Friday, August 24, 2007

Homecoming


Ottawa-Thursday August 23, 11:30 pm.

We wanted to introduce baby Jasmine to as many family members as we could as we travelled home to Canada. So we decided to fly through Vancouver, with a three hour lay-over, so she could meet her grand-parents on the Thompson side of the family and my brother Matthew.

We landed half an hour early. It took us no time at all to clear immigration, baby Jasmine was travelling on a Chinese passport, and needed a Canadian visa to come to Canada.

Once that was done, we had to check our luggage in at Air Canada.

My cell phone rang, it was my Mother.

"Where are you?" she asked. I described we were behind the glass at arrivals, and that if she moved up to our section of the glass I could show her the baby.

I pushed the stroller up to the window. My Mother was still on the phone, talking and walking, and then she saw Jasmine.

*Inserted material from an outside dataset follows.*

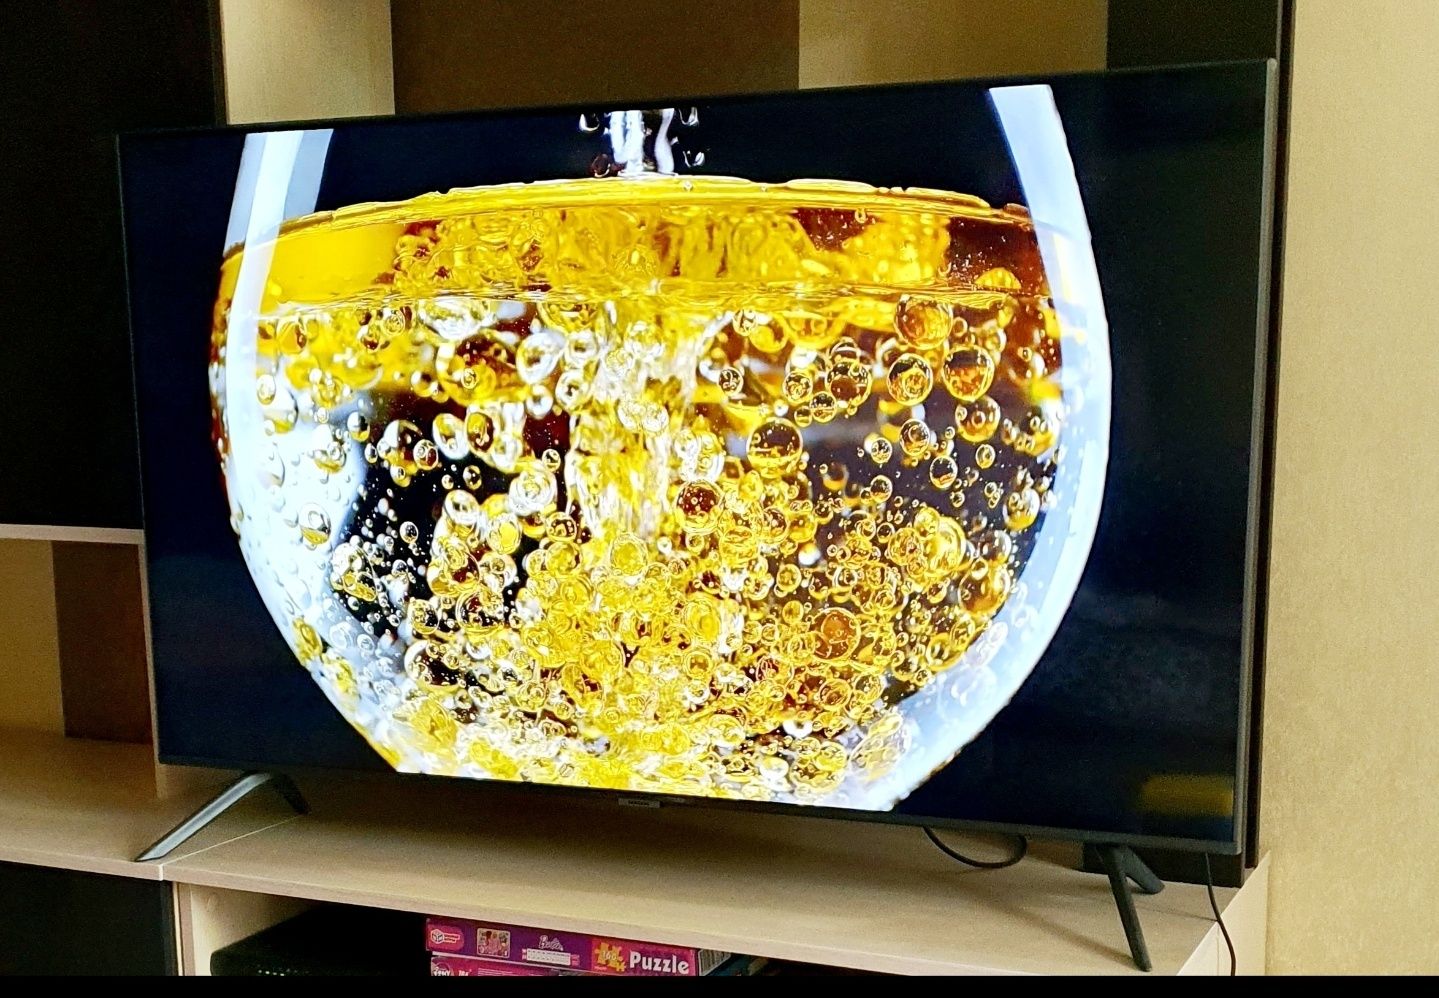 Шикарный 4К телевизор оригинал Samsung 130см
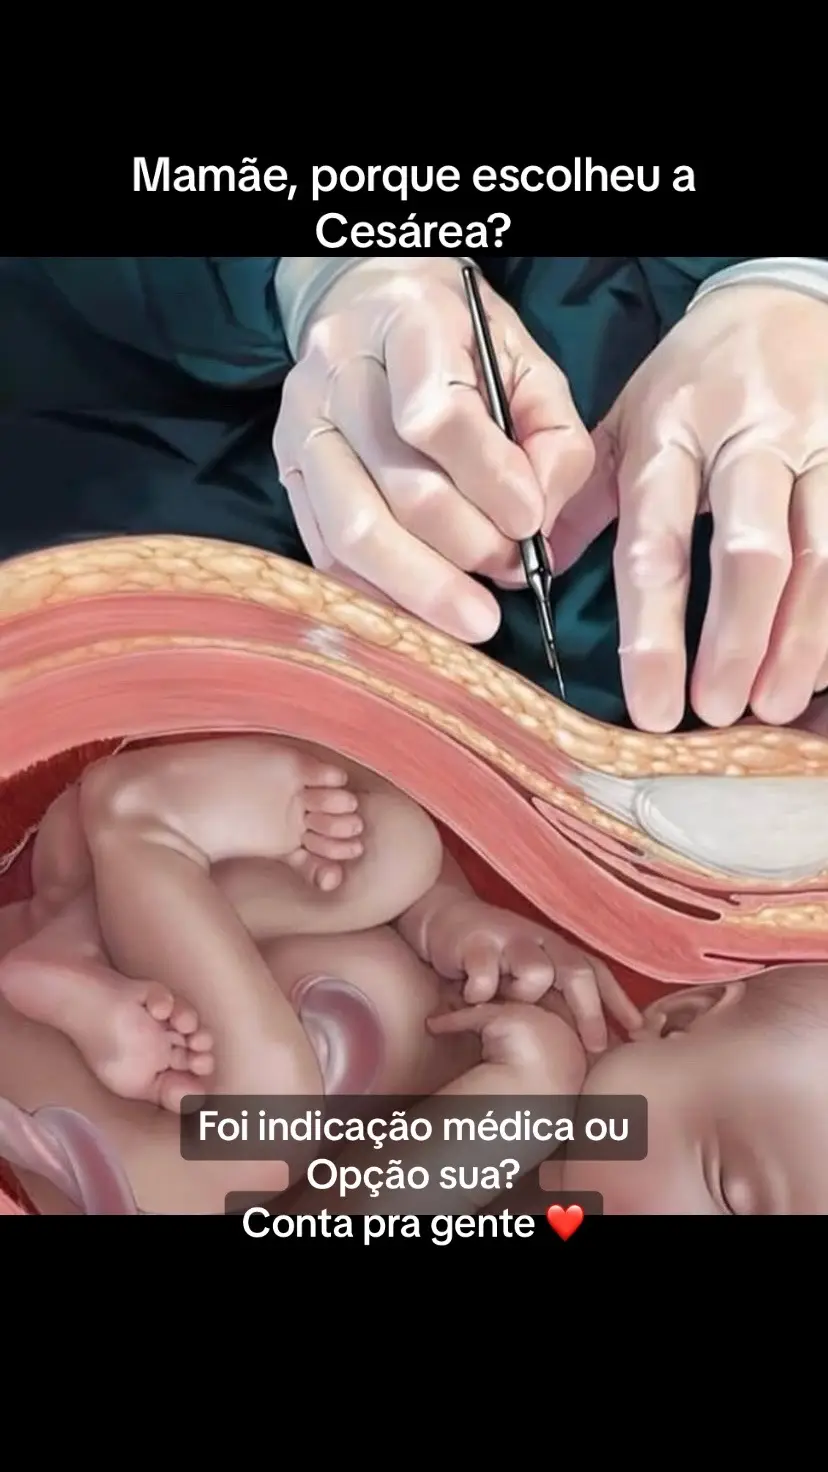 Cesaréa #cesarea #cesariana #gravidez #partocesarea #mamae #viraliza

And we both started to cry.

"I love you Mum," I told her in the opening between the glass panels.

"She beautiful." my Mother said.

We finally got our bags through, got through the exit, and found my side of the family.

"This is the best day of my life," my Mother said. After five years of anguish, and grief, and hope, here was baby Jasmine.

We all sat down for lunch, it was delicious. Then Louis, Pierre, Jasmine, and I boarded the plane to Ottawa.

This time it was only a five hour flight. We were veterans.

We arrived right on time, 11:30 in the evening, to a big crowd at the Ottawa International Airport. There were pink and white helium balloons, Pierre's Mum was there, his aunts, cousins from Montreal, one of his student's and his family.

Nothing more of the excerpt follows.